Use of interpolation function in ode model written in R/diffeqr

Hi all

I am using Julia’s diffeq through R (diffeqr library) for the simulation of a simple SIR ode model. I want to interpolate a parameter value from the time in the ode model. I can set up a julia ODE model and call through R with the diffeqr library. However, I am not sure how to pass the interpolation function to the ODE? The instructions for julia suggest that any function can be introduced through the “parameter” argument of the ODE. How does this work if I call the function in R?

Below is my unsuccessfull attempt.

  1. julia code for the model (“juliatoymodel.jl”):
function model(dxdt, init , param , time)

  beta, gamma, mu, sigma, eta, phi = param[1]
  interpolate = param[2] 

  S,I,R = init
  N = S + I + R
  i = interpolate(time)

  beta_eff = i*beta * (1.0+eta*sin(2.0*pi*(time-phi)/365.0))
  FOI = beta_eff*I/N

  dxdt[1] = -FOI*S + mu*N - mu*S + sigma*R
  dxdt[2] = FOI*S - gamma*I - mu*I
  dxdt[3] = gamma*I - mu*R - sigma*R

  1. R code that calls the functions:

# params
maxtime <- 3650.0
beta <- 0.25
gamma <- 1/5
mu <- 1/(70*365)
sigma <- 1/365
eta <- 0.2 
phi <- 10
theta <- c(beta, gamma, mu, sigma, eta, phi)

# init
init <- c(9999, 1, 0)

# setup environment
enviro <- diffeqr::diffeq_setup() 


# interpolation function
julia_assign("in",  c(0,365,730,1095,1460,1816,2181,2546,2911,3276,3650))
julia_assign("out", c(1,1,1,1,0.9,0.8,0.7,0.8,0.9,1,1))

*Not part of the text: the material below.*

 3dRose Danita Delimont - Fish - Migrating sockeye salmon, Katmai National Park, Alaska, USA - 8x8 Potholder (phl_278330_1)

julia_assign("init", init)
julia_assign("param", list(theta, julia_command("interpolate = LinearInterpolation(in,out);")))
julia_assign("time", c(0.0, maxtime))

problem = julia_eval("ODEProblem(model, init, time, param)")
solution = enviro$solve(problem, enviro$AutoVern7(enviro$KenCarp4()), 
                         saveat=7.0, abstol=1e-8, reltol=1e-6)

I have tried to make an R list with [[1]] params and [[2]] the interpolation function, which is assigned to a Julia object “param”. Unfortunately this throws an error

Error: Error happens in Julia.
MethodError: objects of type Nothing are not callable

because julia_command("interpolate = LinearInterpolation(in,out);") returns NULL somehow. How can I pass the interpolation function correctly? I am looking for an R/JuliaCall solution, not a pure Julia solution. Thanks a lot
Bw, Fabienne

You can try to use the julia_eval function, which will return the result from julia to R. The julia_command function will not return the result from julia to R, so the implicit result is always NULL.

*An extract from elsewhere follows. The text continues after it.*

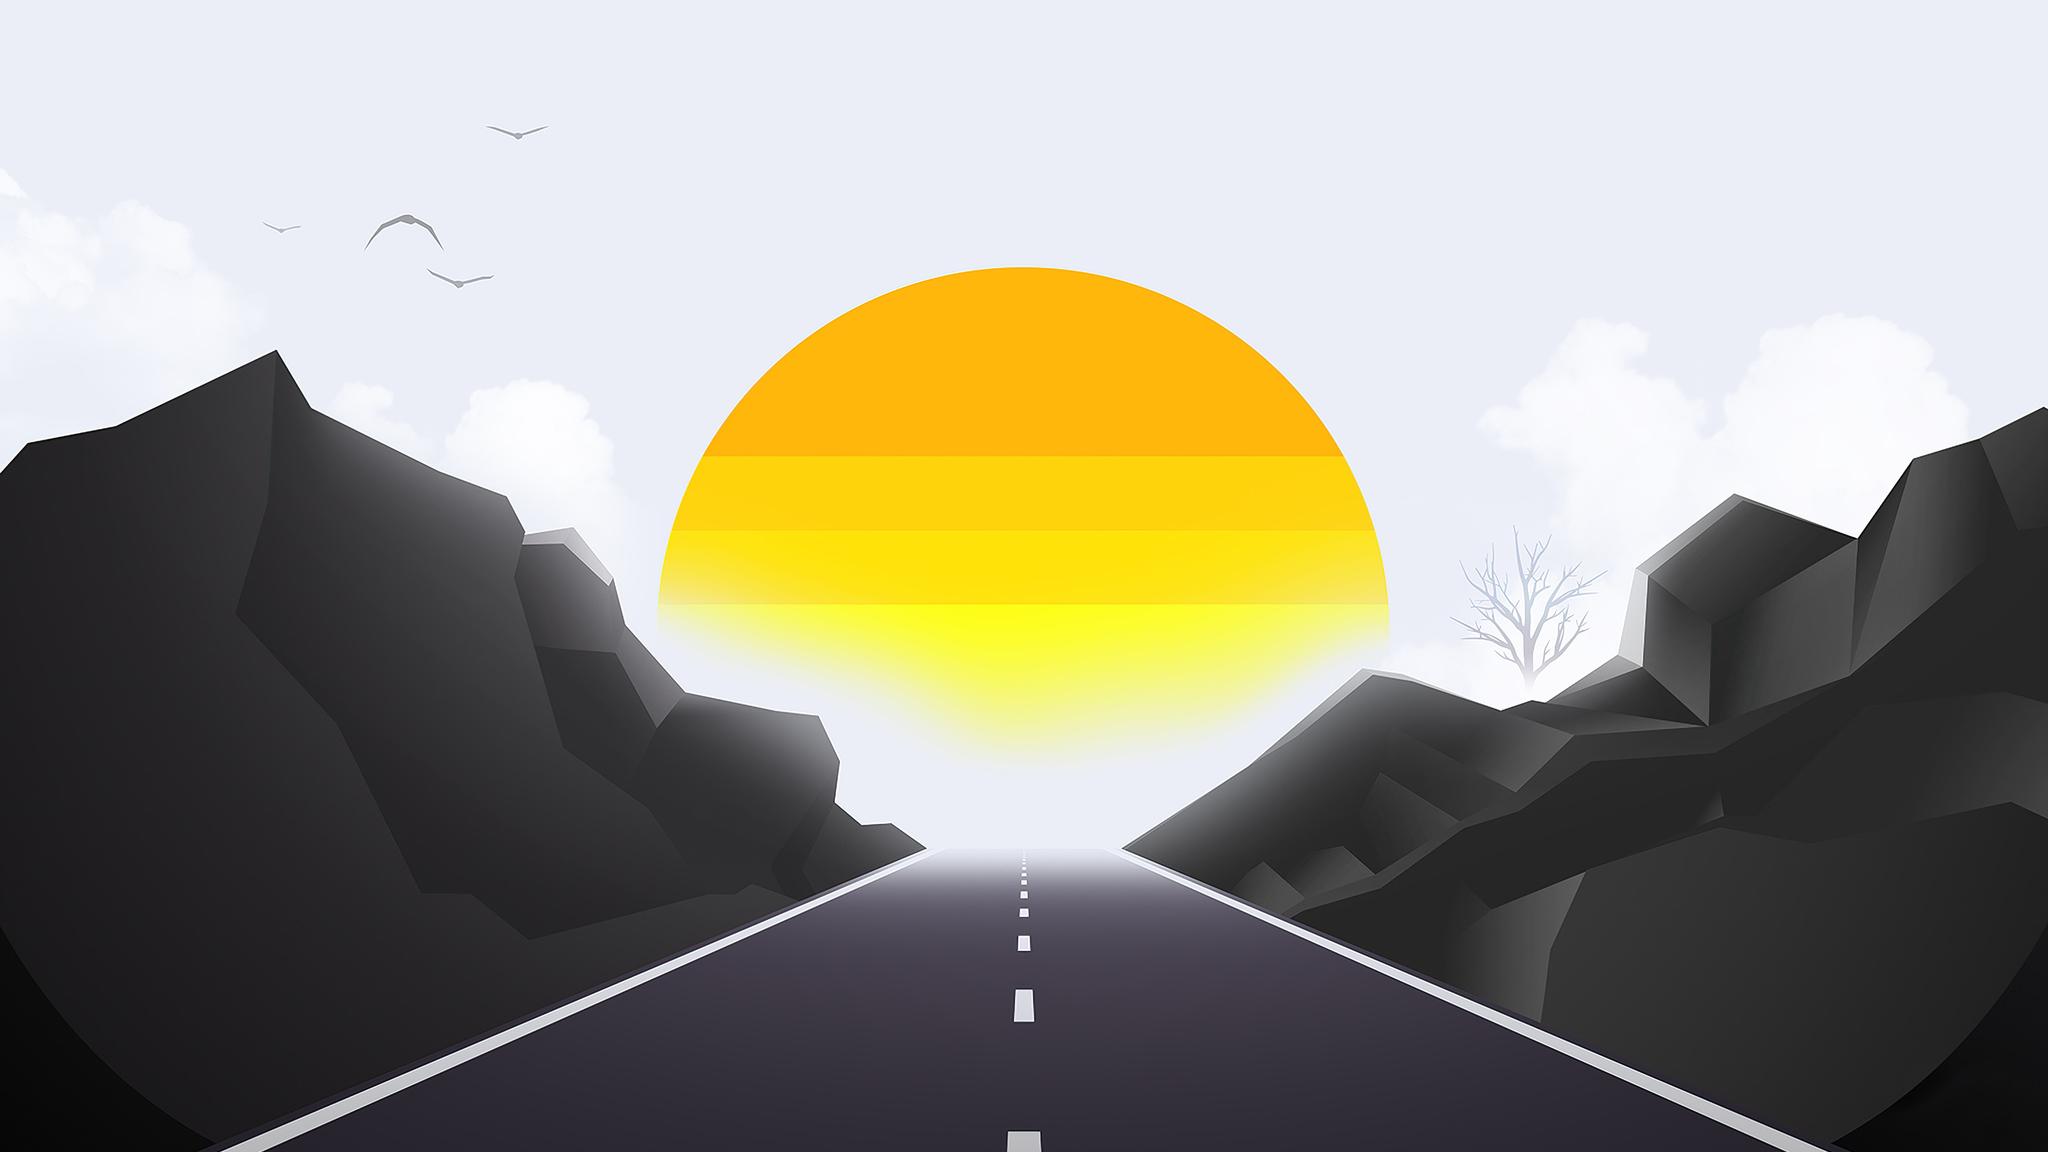 road-mist-sun-landscape-minimal-4k-3y.jpg

Thanks a lot for the fast reply. I tried julia_eval, but it throws an error:

Error: Error happens in Julia.
MethodError: objects of type Array{Float64,1} are not callable
Use square brackets [] for indexing an Array.

Also, julia_eval("param") returns the result of the function (the interpolation), instead of the function itself. So the main question, how to pass the function itself to the Julia ODE model (within the parameter argument), is still unresolved.

I’m not very familiar with the diffeq ecosystem, and not sure what should be provided as the argument.
But julia_assign will convert any R object into julia object (including R functions to julia functions) and give it a name, and julia_eval will try to convert any julia object to R object (including julia functions to R functions).
And we need to pay attention to julia callable object (I’m not sure whether it is involved in the question). Because JuliaCall sees the callable object not as a function, so it will not turn it into R function. (Because in R, there is no such thing as callable object.)
But you can always construct a julia function based on the callable object
So suppose interpolate is a callable object, you can do julia_eval("x -> interpolate(x)") to get a function back into R.

1 Like

thanks. I have run the same script, but without explicitly including the interpolation function in the parameter argument of the ODE, and it seems to work. I guess as long as the interpolation function is defined in the julia universe, it can be called even if it is outside the ODE function. There may be a better solution for this, but it seems to work for now.